Supplied information Start Marker

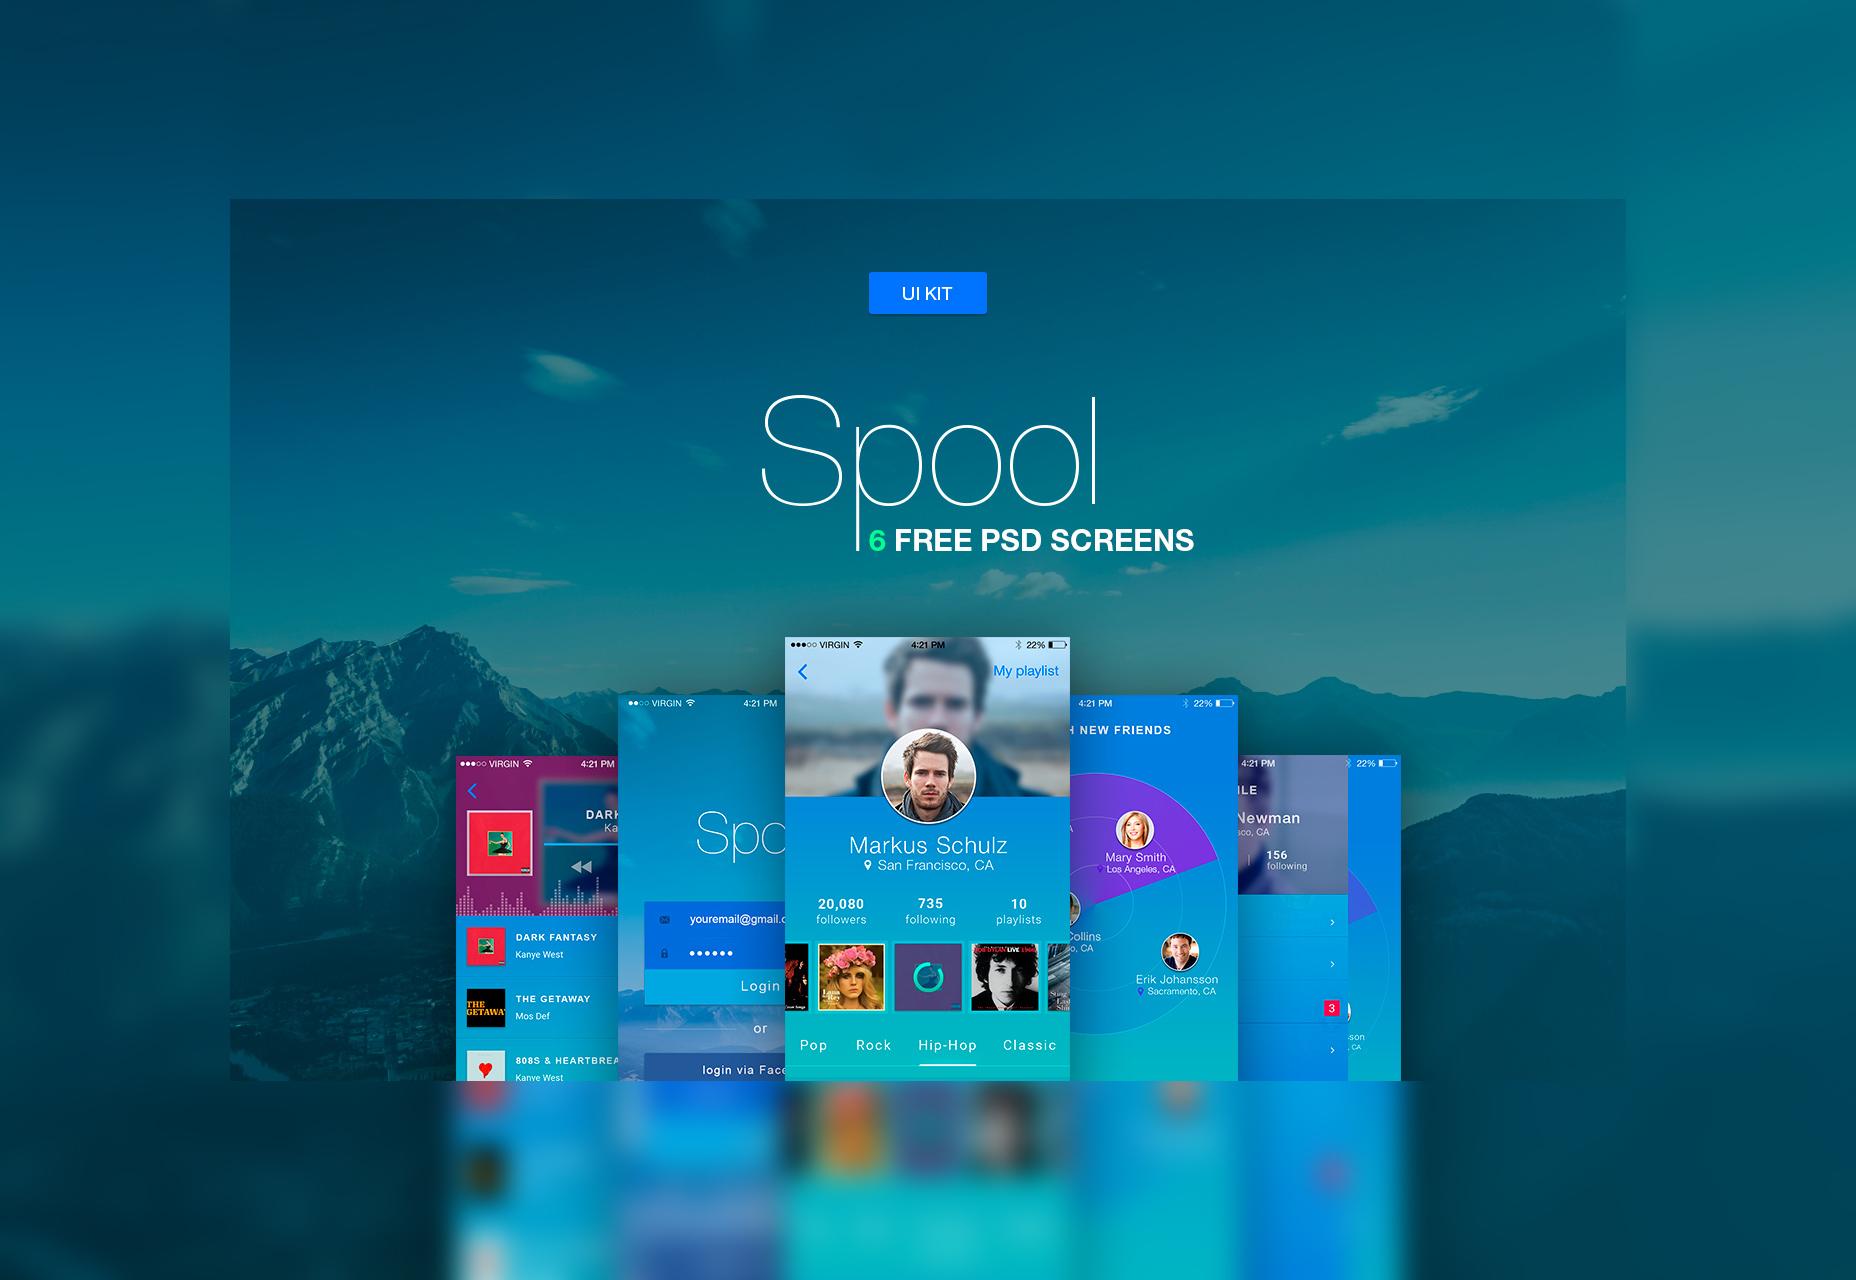 spool-iphone-material-design-ui-kit-psd
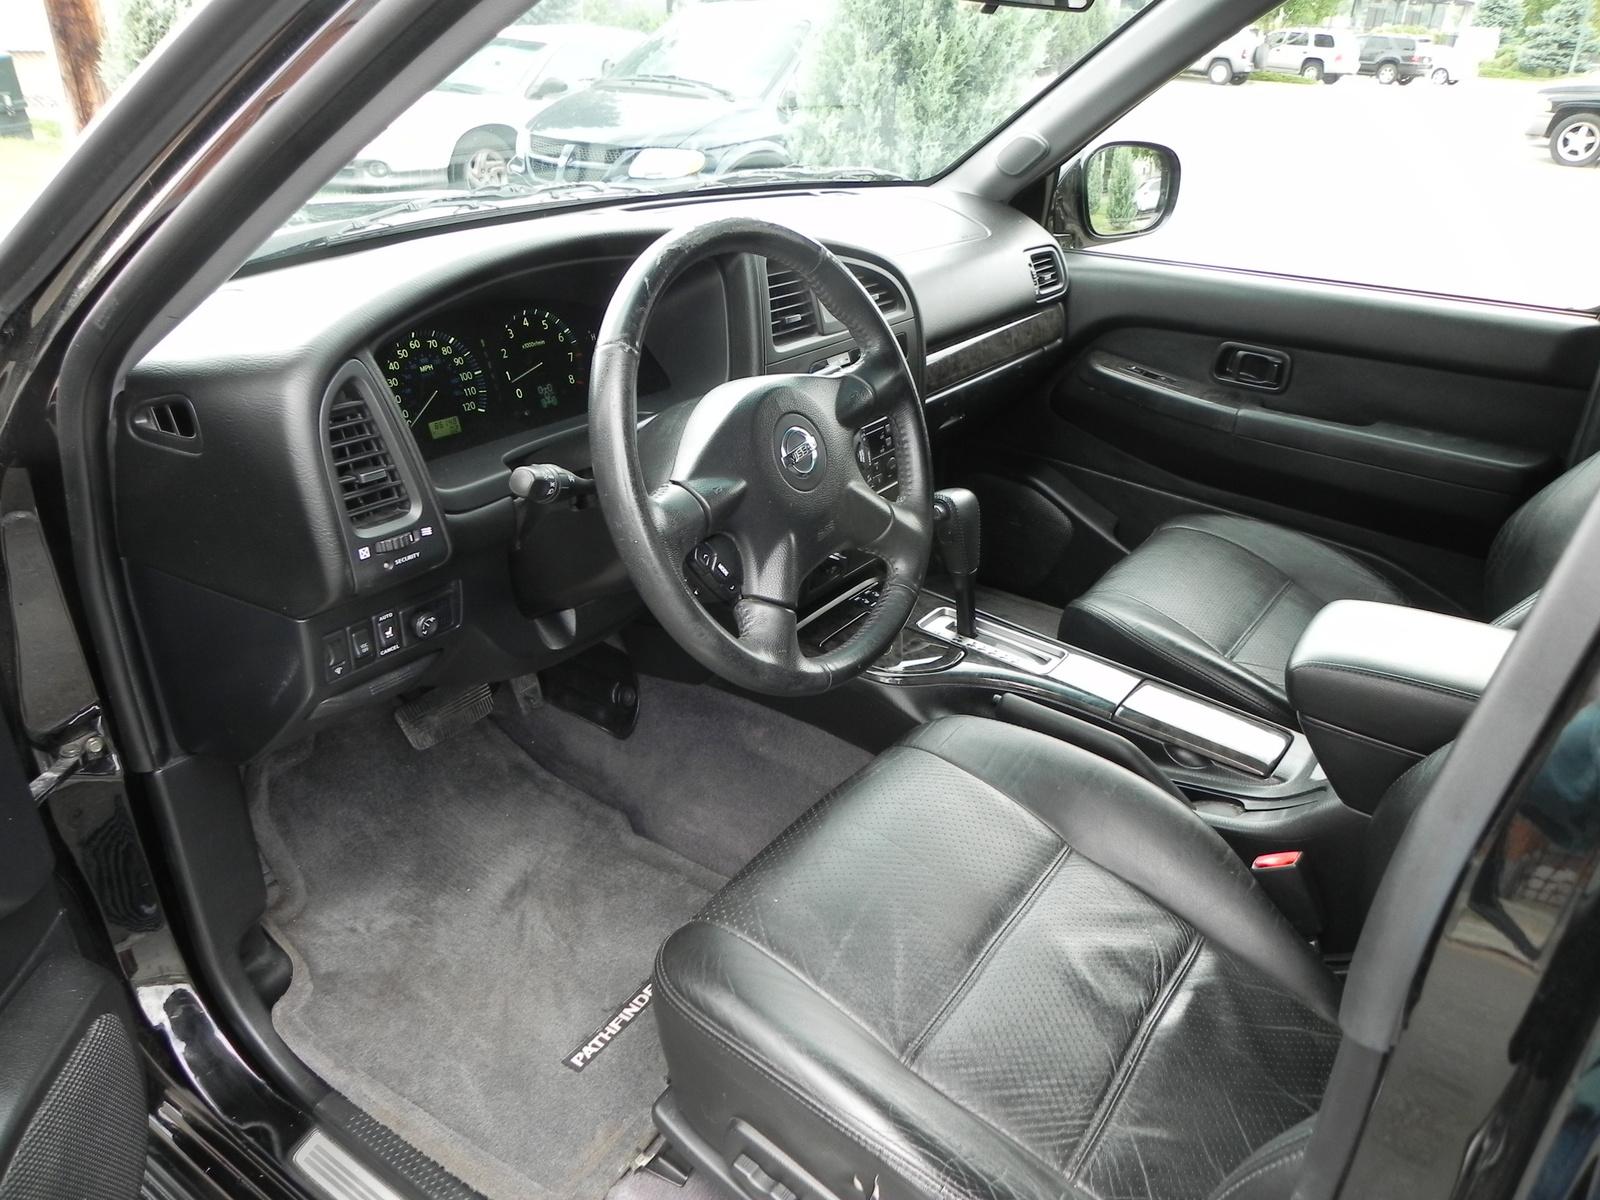 2004 nissan pathfinder interior photos for 2004 nissan pathfinder interior
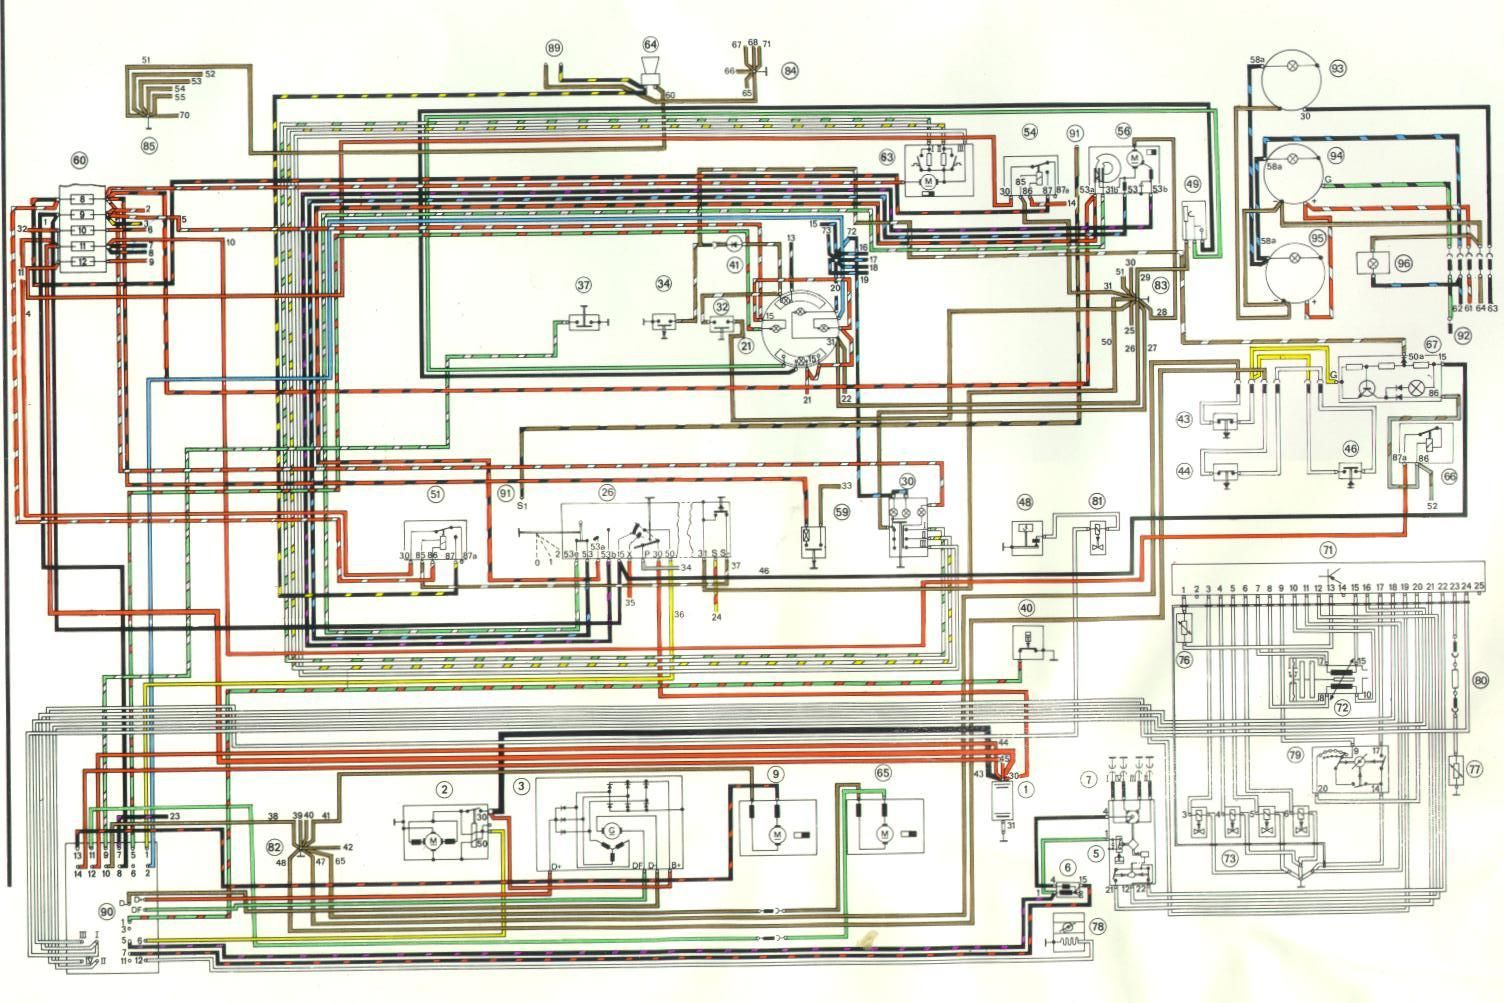 porsche 356 pre a wiring diagram tv 4749  diagram further 1975 porsche 914 color wiring diagram on  porsche 914 color wiring diagram

Supplied information End Marker

*What is expected:*
When you repeat the listing, keep it exact and leave the pictures behind.

*Result of this exercise:*
 spool-iphone-material-design-ui-kit-psd
 2004 nissan pathfinder interior photos for 2004 nissan pathfinder interior
 porsche 356 pre a wiring diagram tv 4749  diagram further 1975 porsche 914 color wiring diagram on  porsche 914 color wiring diagram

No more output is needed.